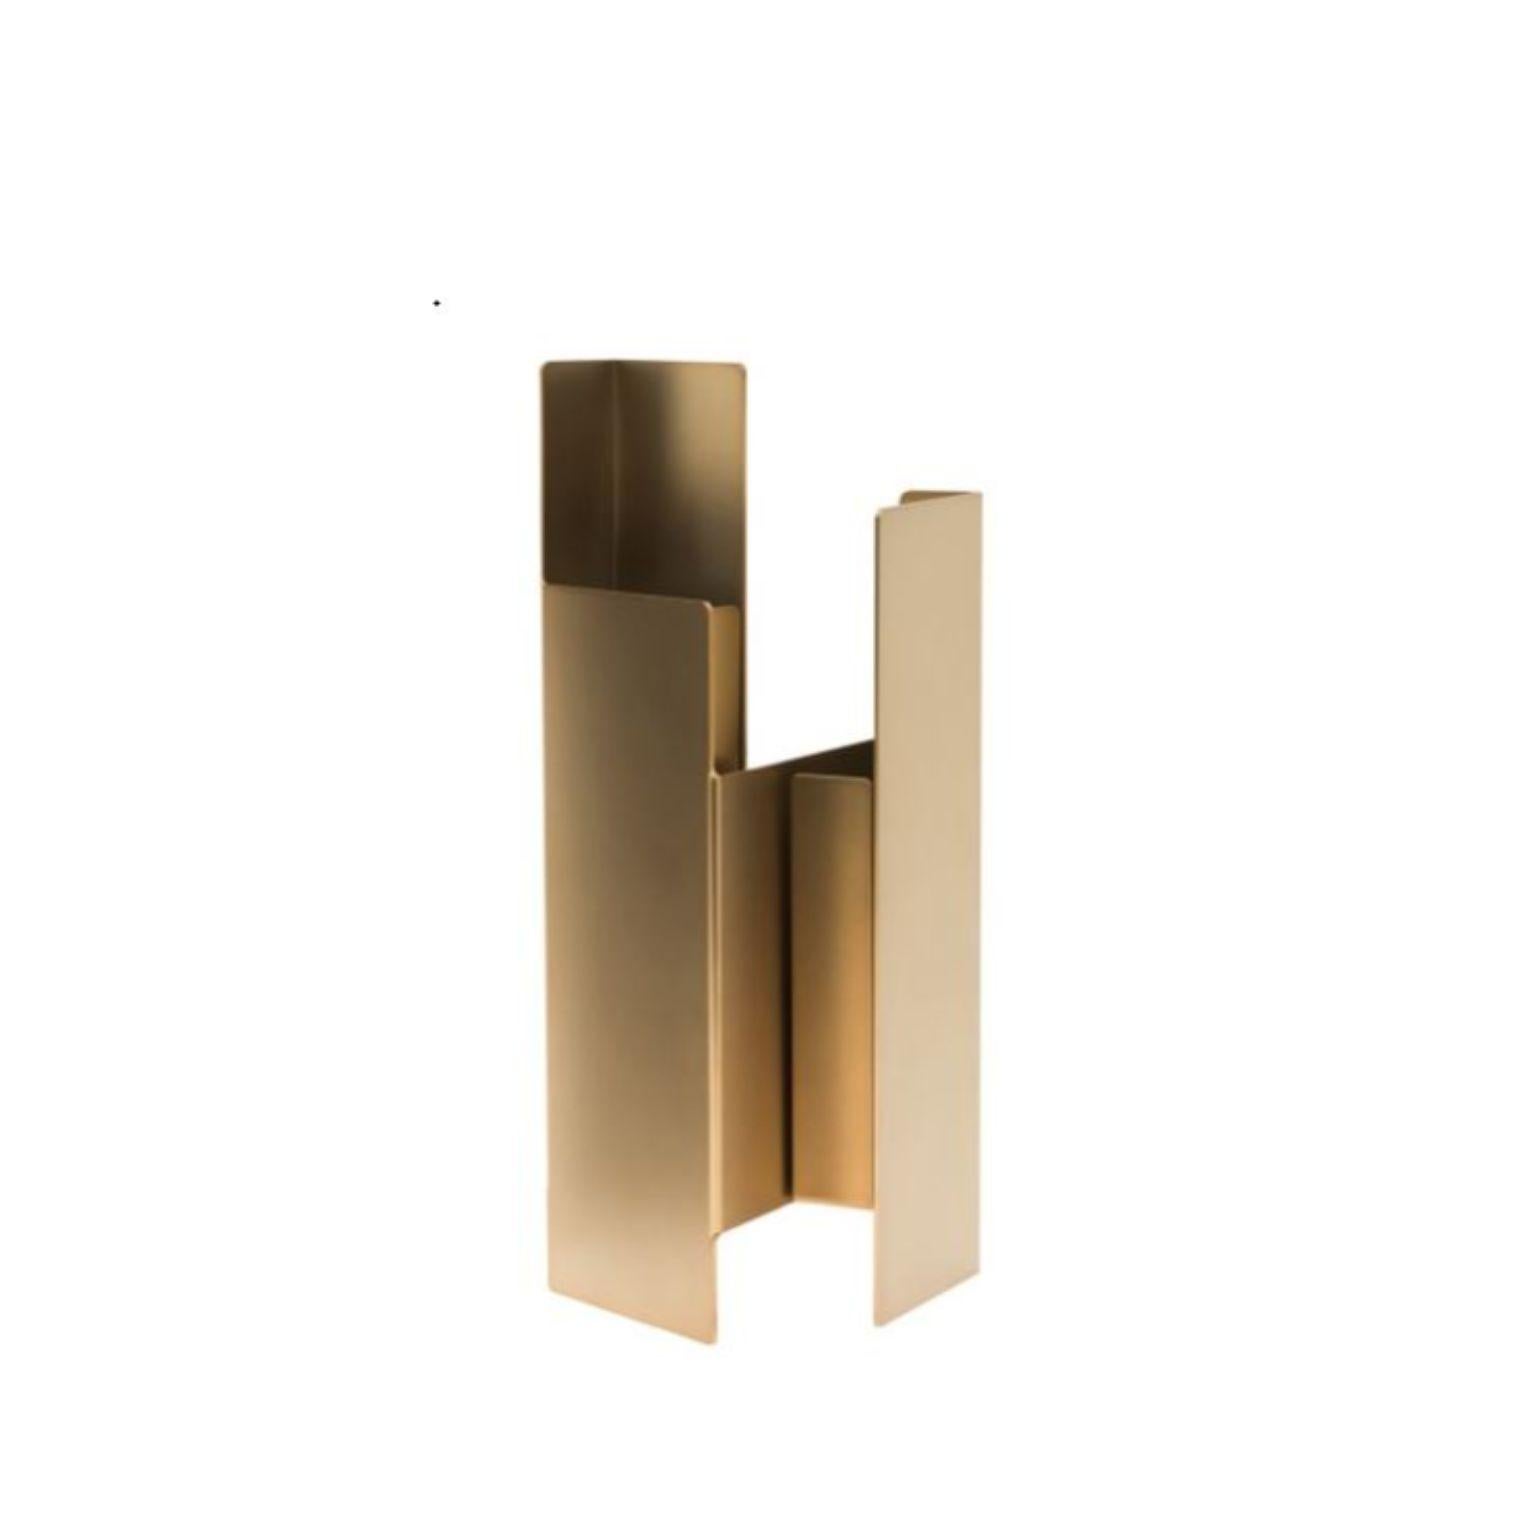 Matte bronze fugit vase by Mason Editions.
Design: Matteo Fiorini
Dimensions: 12 × 15 × 34 cm
Materials: Iron, Pirex glass.

Fugit vase consists of a metal sheet that seems to turn and close around itself, generating an alternation of fullness

### What you have to do
Output all the material verbatim, skipping every image.

### Expected answer
 Matte bronze fugit vase by Mason Editions.
Design: Matteo Fiorini
Dimensions: 12 × 15 × 34 cm
Materials: Iron, Pirex glass.

Fugit vase consists of a metal sheet that seems to turn and close around itself, generating an alternation of fullness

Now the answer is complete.